No hay más que ver a los políticos, nuestros “obispos laicos”, defender sus verdades a base de trucos y más trucos, posibles gracias a la férrea censura y al control de la información, para entender nuestro penoso empobrecimiento intelectual. Es que tanto nuestros obispos laicos, como los que nos impone la Iglesia, nos toman por tontos. Y efectivamente, si nos dejamos, nos vuelven tontos. Cuando les aplico la misma vara de medir a unos y a otros, ¡los veo tan, tan, tan iguales!
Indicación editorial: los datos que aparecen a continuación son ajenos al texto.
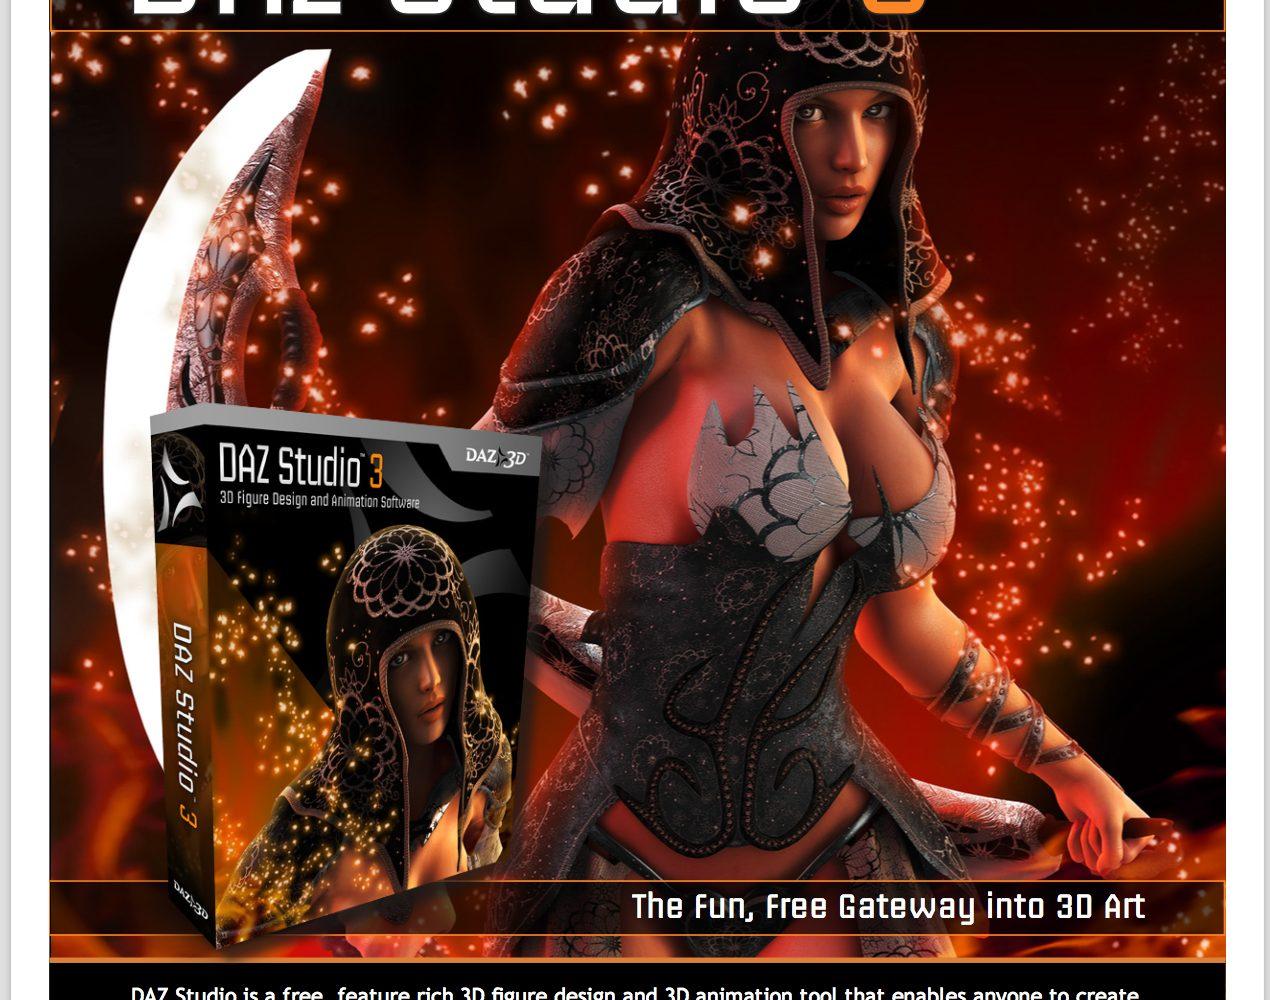 Daz Studio Promotional Flyer Front

Unos y otros, a la sopa boba, a vivir del cuento, a gozar de su parcela de poder, sin más obligación que la fidelidad al que lo promovió y lo mantiene en el cargo. ¡Menudos obispillos, los unos y los otros! Parece que sí, que nuestros políticos han aprendido de nuestros obispos. Y el sistema, lo mismo: inflación de cargos, que es lo que mantiene el poder: el civil y el eclesiástico. Es que el poder funciona así. Salvando, claro está, las honrosísimas excepciones.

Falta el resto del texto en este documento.